REQUIRED ACTION:
Pictures must not appear in the copy. Restate exactly the lines below from the one with "New Gunshot Detection" through the one with "Ravensburger Puzzle Sort", inclusive.

SUPPLIED INFORMATION:
%%
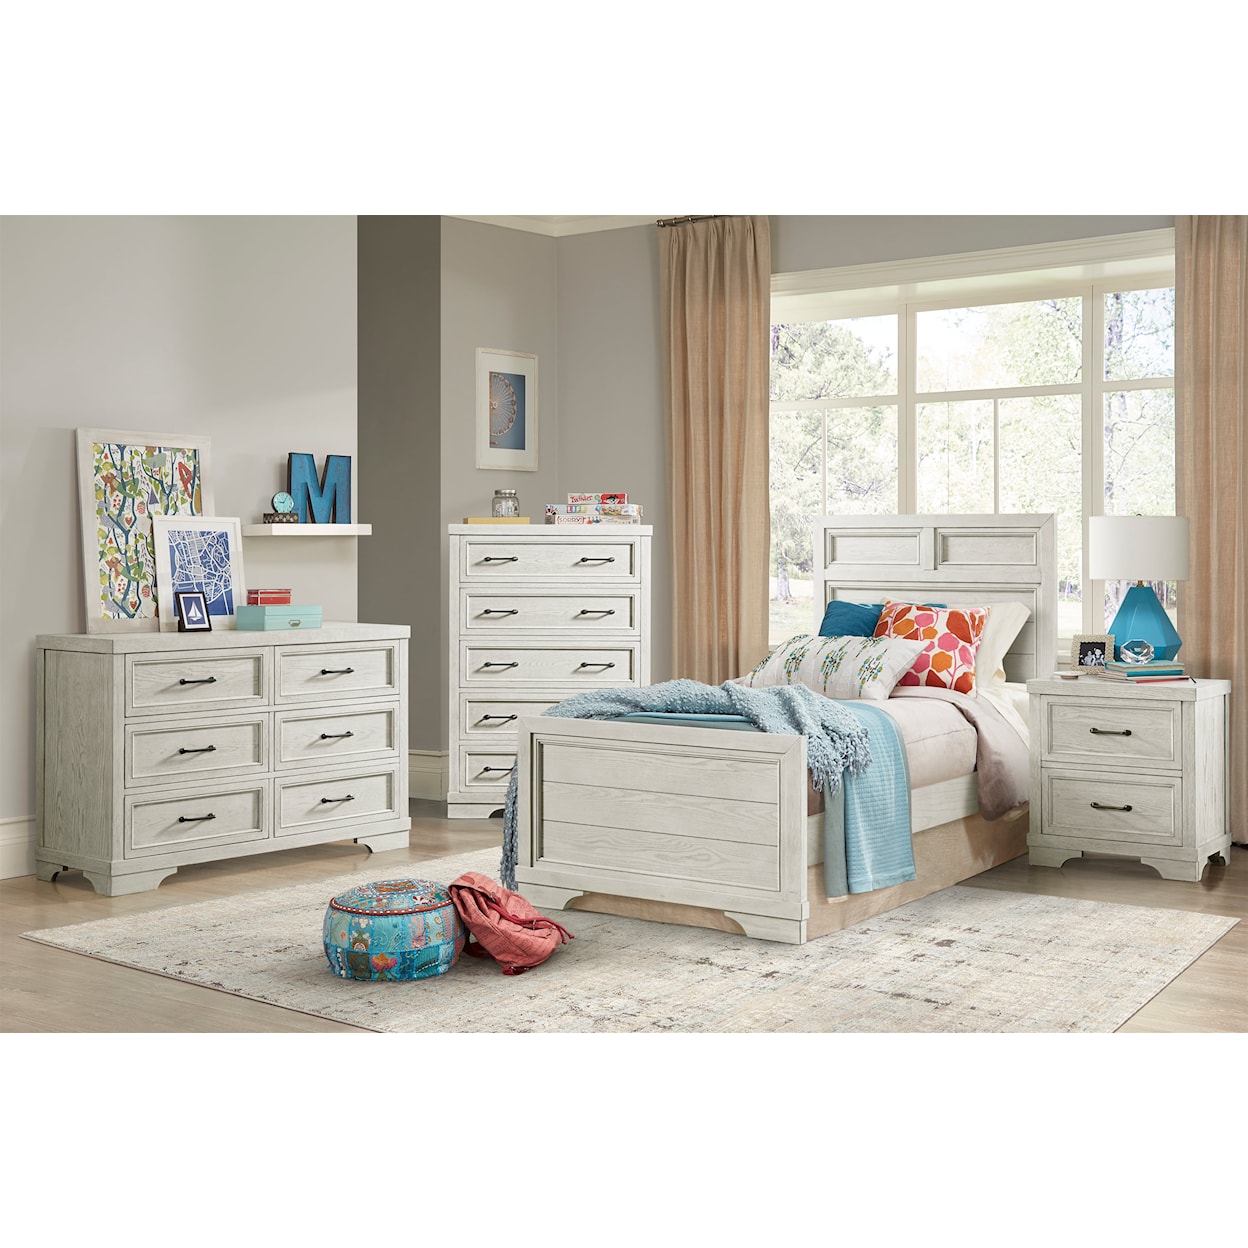 Westwood Design Foundry 5-Drawer Chest
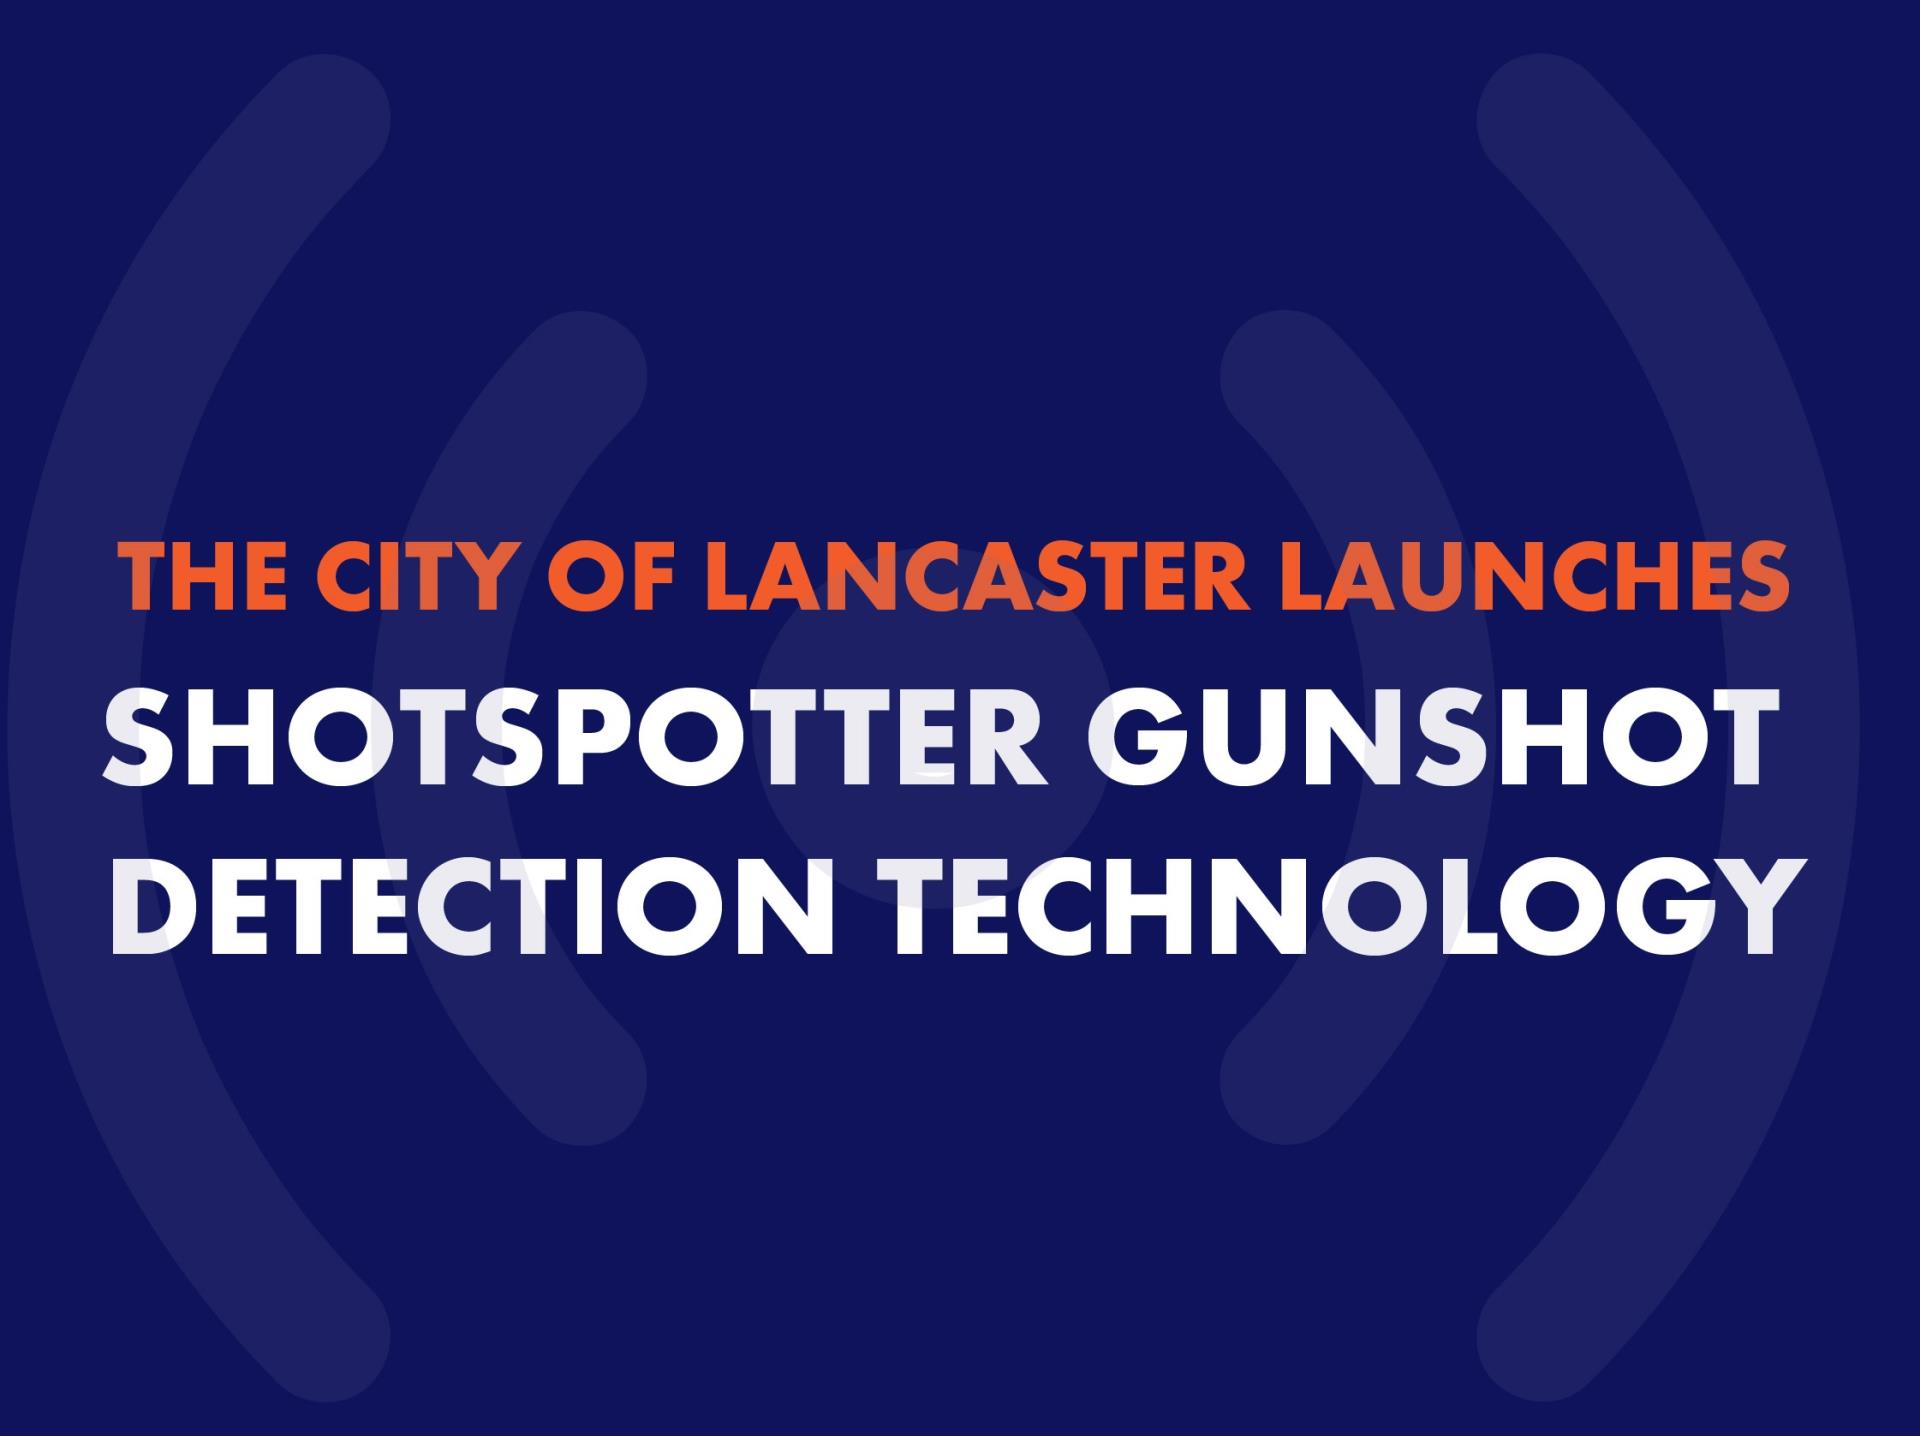 New Gunshot Detection Technology to Enhance Public Safety in the City of Lancaster
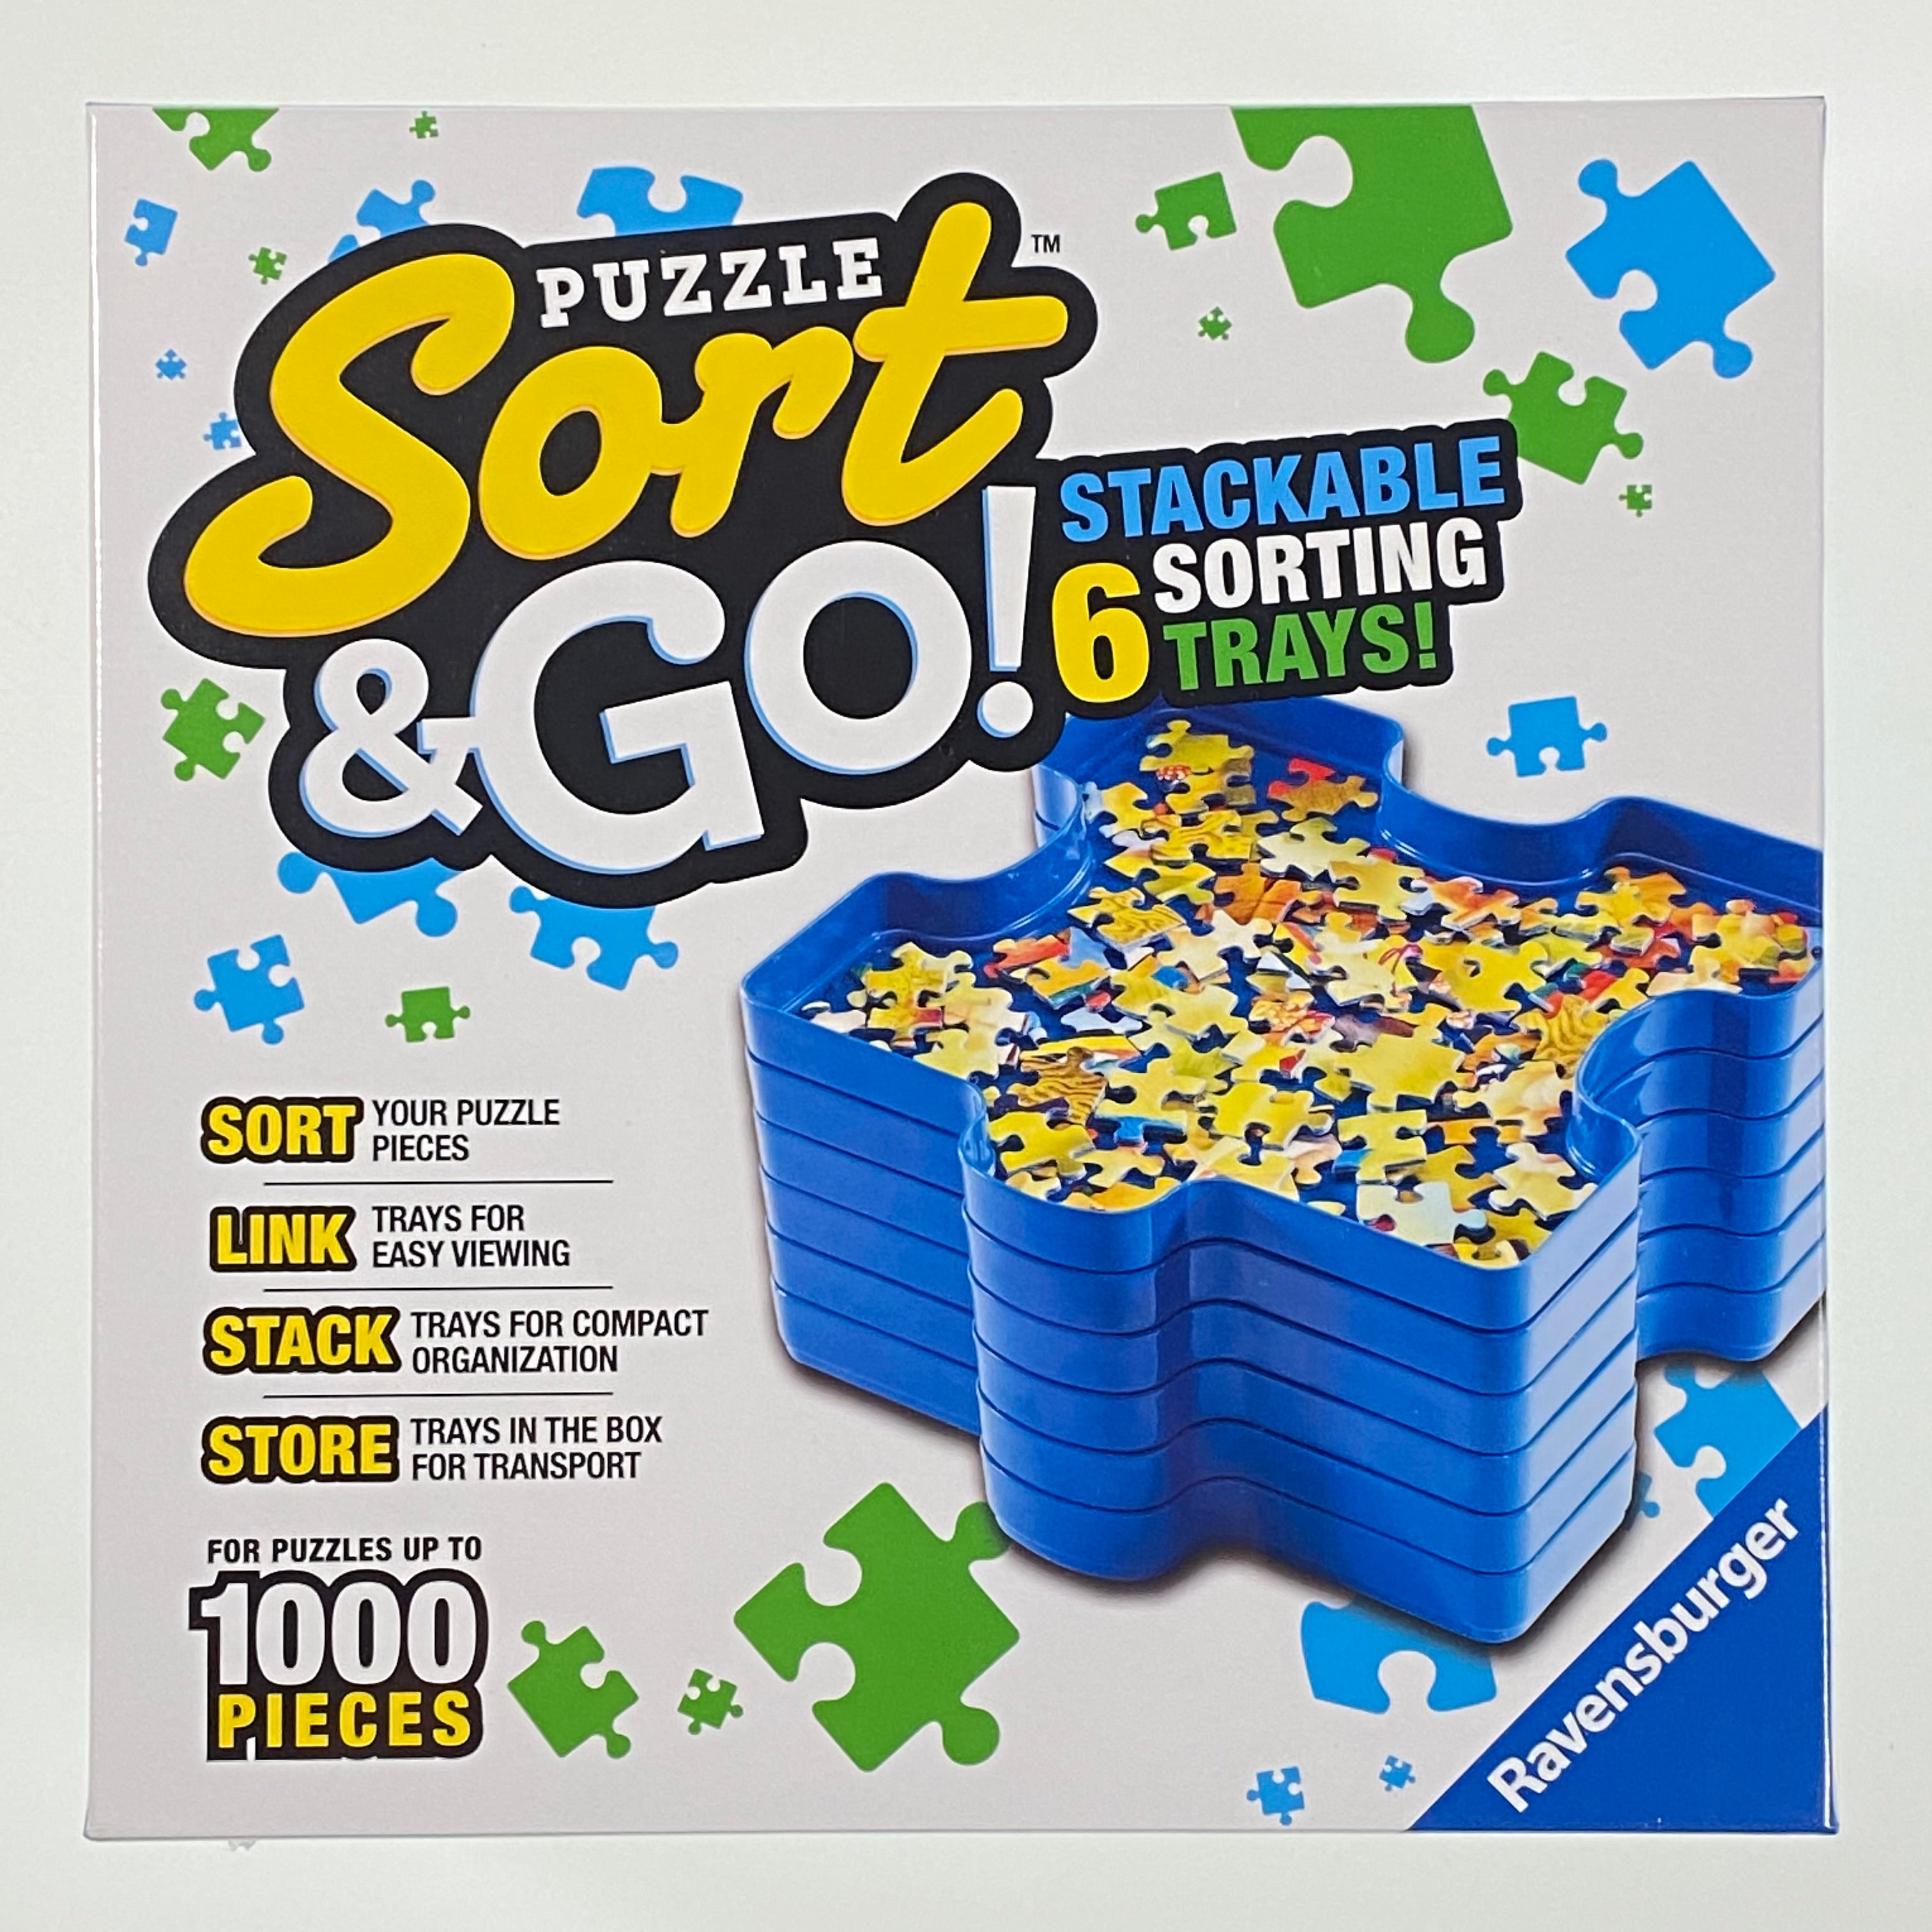 Ravensburger Puzzle Sort & Go Stackable Sorting Trays | Sort and Store Up  to 1,000 pieces
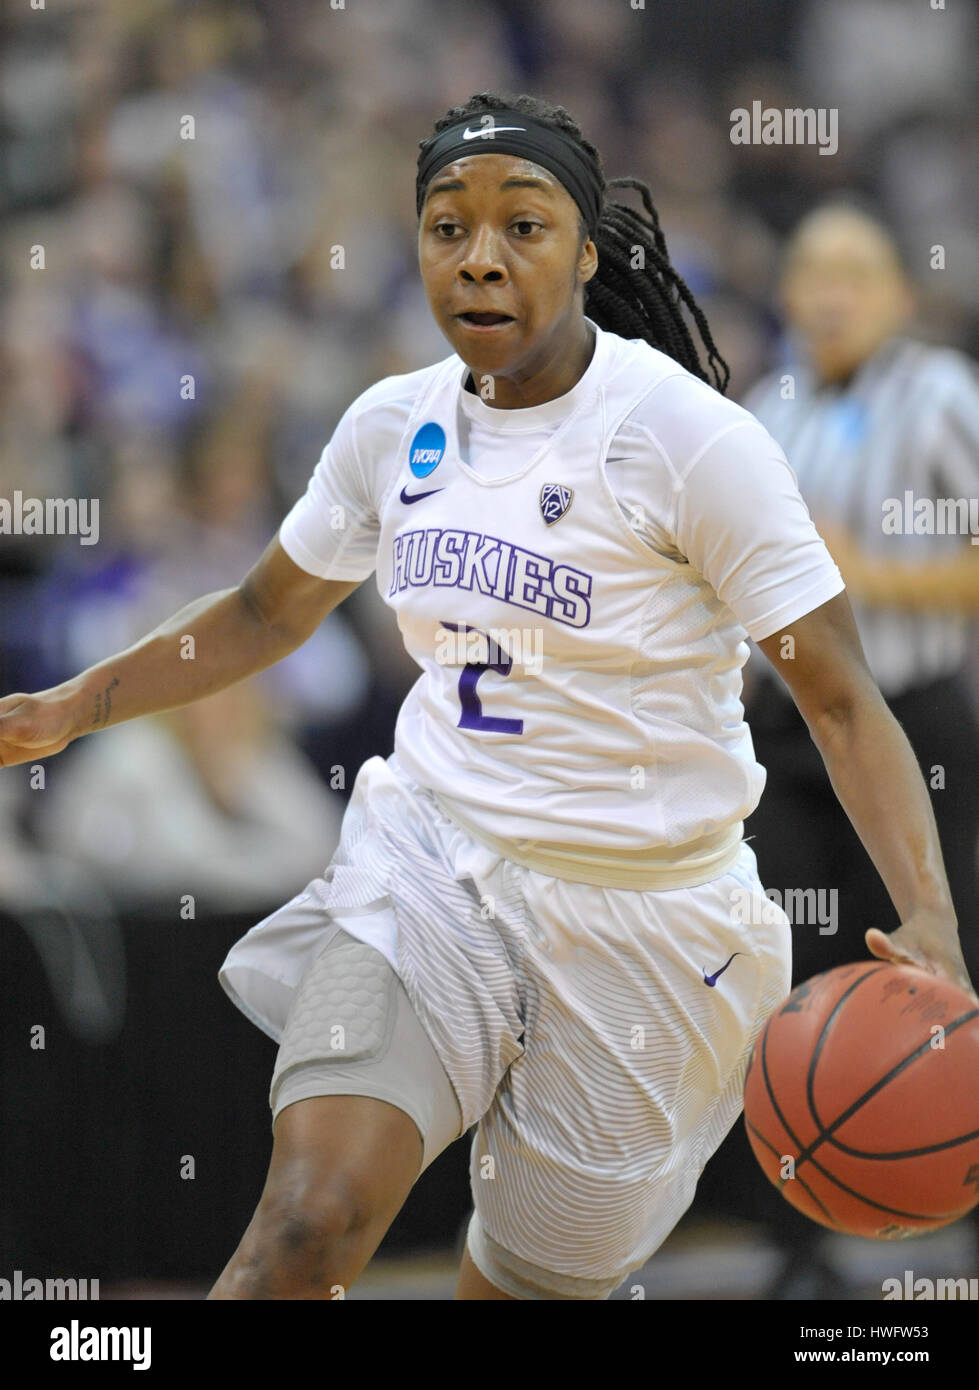 Seattle, WA, USA. 20th Mar, 2017. UW freshman point guard Aarion McDonald (2) in action during a NCAA second round women's game between the Oklahoma Sooners and the Washington Huskies. The game was played at Hec Ed Pavilion on the University of Washington campus in Seattle, WA. Jeff Halstead/CSM/Alamy Live News Stock Photo
%%
OUTPUT:
 New Gunshot Detection Technology to Enhance Public Safety in the City of Lancaster
 Ravensburger Puzzle Sort & Go Stackable Sorting Trays | Sort and Store Up  to 1,000 pieces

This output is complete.